2023 Serowe West by-election

Serowe West constituency
- Turnout: 44.9% (▼38.3 pp)
|  | First party | Second party |
|  | BPF | BDP |
| Candidate | Onalepelo Kedikilwe | Moemedi Dijeng |
| Party | BPF | BDP |
| Popular vote | 2,933 | 1,266 |
| Percentage | 66.9% | 28.9% |
| Swing | 11.5pp | −1.4pp |
- Boundary of Serowe West constituency
| MP before election Tshekedi Khama II BPF | Elected MP Onalepelo Kedikilwe BPF |

= 2023 Serowe West by-election =

Botswana parliamentary by-election

A by-election for the Botswana parliamentary constituency of Serowe West was held on 8 July 2023. The vacancy was caused by the expulsion on 21 April 2023 of the incumbent Member of Parliament (MP), Tshekedi Khama of the BPF, following his absence from the minimum required two consecutive meetings of the same session to trigger a by-election per the Standing Orders of the National Assembly.

The election was won by Onalepelo Kedikilwe of the Botswana Patriotic Front. The BPF's majority of 25.1 pp in the 2019 general election was increased to a majority of 38.0 pp in this by-election, further consolidating the BPF's hold on the constituency. This result makes it the highest result achieved by an opposition party in the constituency, breaking the previous 2019 record.

== Background ==
===Constituency===

Serowe West lies in the Central District and is primarily rural, with the main settlement being the village of Serowe. The constituency is part of the three historically safe BDP seats that flipped to the BPF and had an average swing of 76.7 percentage points towards the BPF. This shift can be attributed to the fact that the BaNgwato tribe, of which the Khama family is the royal family, resides in this constituency and the surrounding Serowe North and Serowe South constituencies. Prior to Ian and Tshekedi Khama's departure from the BDP, the constituency consistently voted for the party by significant margins. However, following the fallout between Ian Khama and President Mokgweetsi Masisi, Khama encouraged people in the Serowe region to vote for the newly formed BPF, and this message strongly resonated with the locals.

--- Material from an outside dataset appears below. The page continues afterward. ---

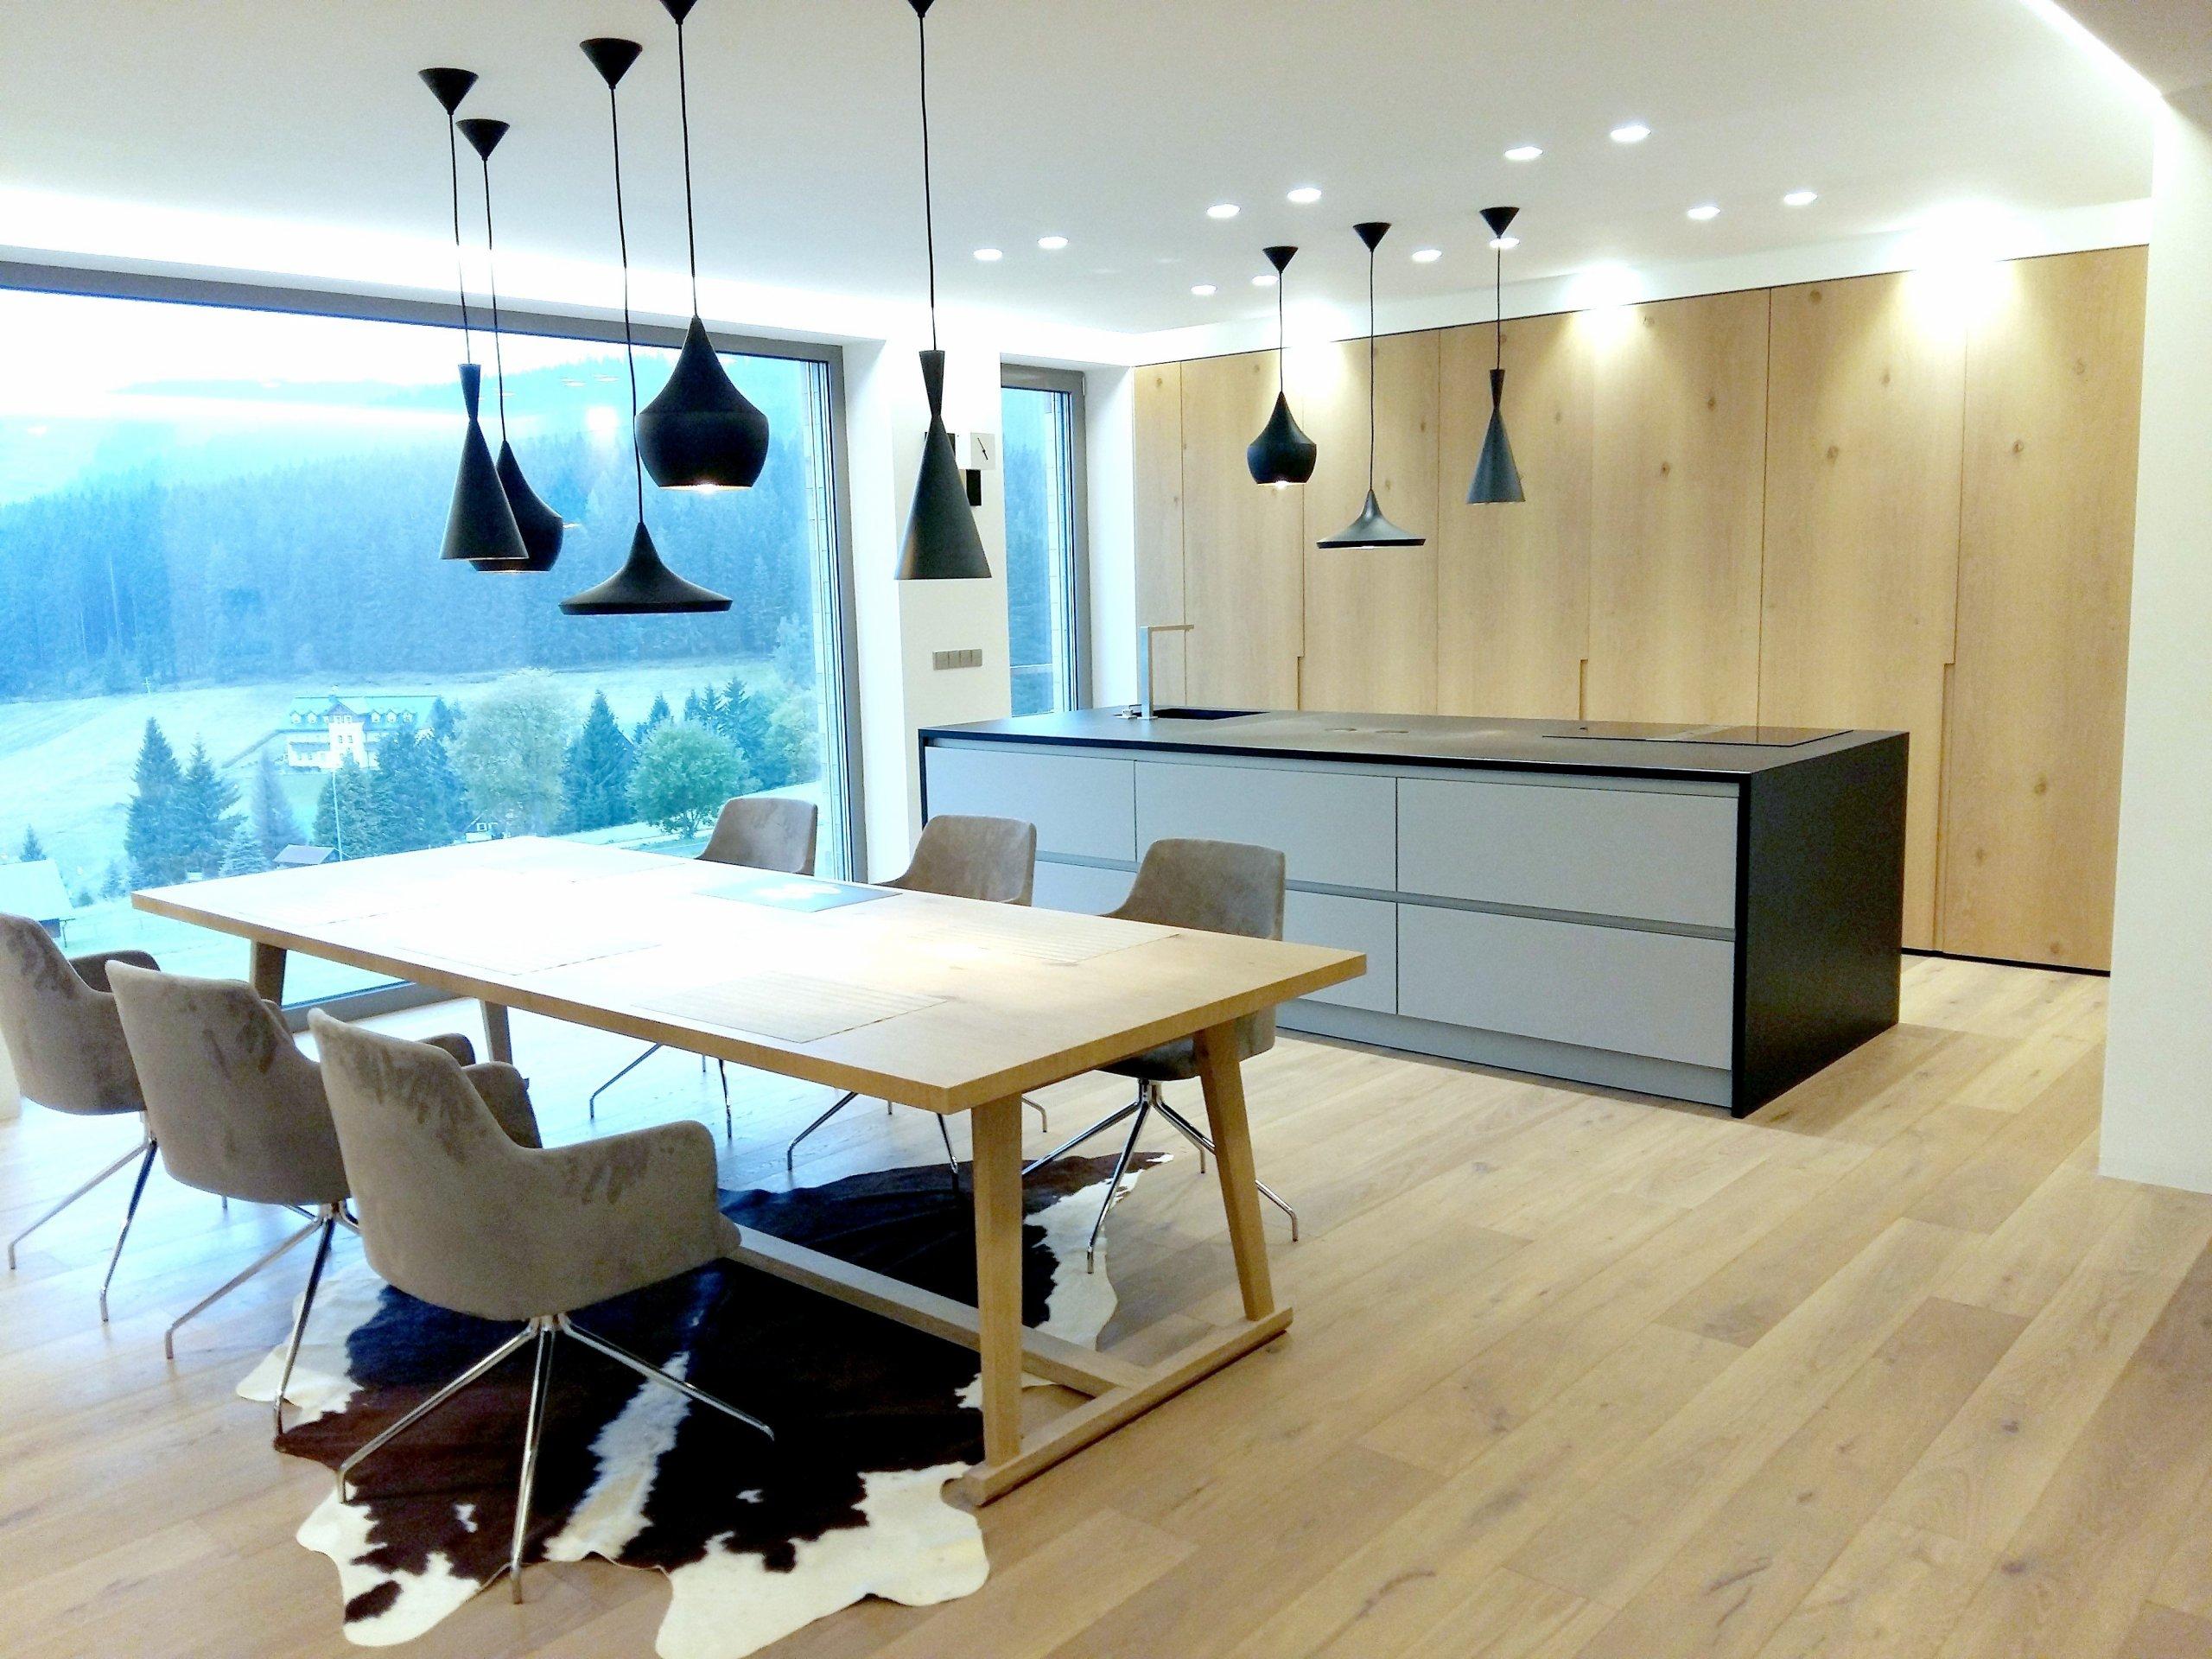 Byli jsme osloveni k návrhu a kompletní realizaci interiéru rodinného domu ve Špindlerově Mlýně. Přáním investora bylo vytvořit jednoduchý a otevřený prostor.…

Tshekedi first became an MP for Serowe West in 2008 during a by-election that took place when his brother, Ian Khama, became the President of Botswana. Gomolemo Motswaledi initially expressed interest in contesting the constituency but was persuaded by the party to step aside for Tshekedi. Since then, Tshekedi was re-elected in the general elections of 2009, 2014, and 2019. In 2019, he became the first opposition candidate to win the constituency, breaking the ruling party's stronghold on the seat since independence in 1966. The constituency was previously represented by Seretse Khama, the founding President of Botswana and the father of both Ian and Tshekedi, from 1965 to 1974.

===Trigger===
On 21 March 2022, Khama, the younger brother of former president Ian Khama, along with his twin brother Anthony and wife Thea, were arrested by the Directorate of Intelligence and Security (DIS) for alleged corrupt deals involving their company, Seleka Springs. Following their arrest, they fled to South Africa to meet Ian, who was in self-imposed exile at the time of the by-election after evading the confiscation of illegally possessed firearms.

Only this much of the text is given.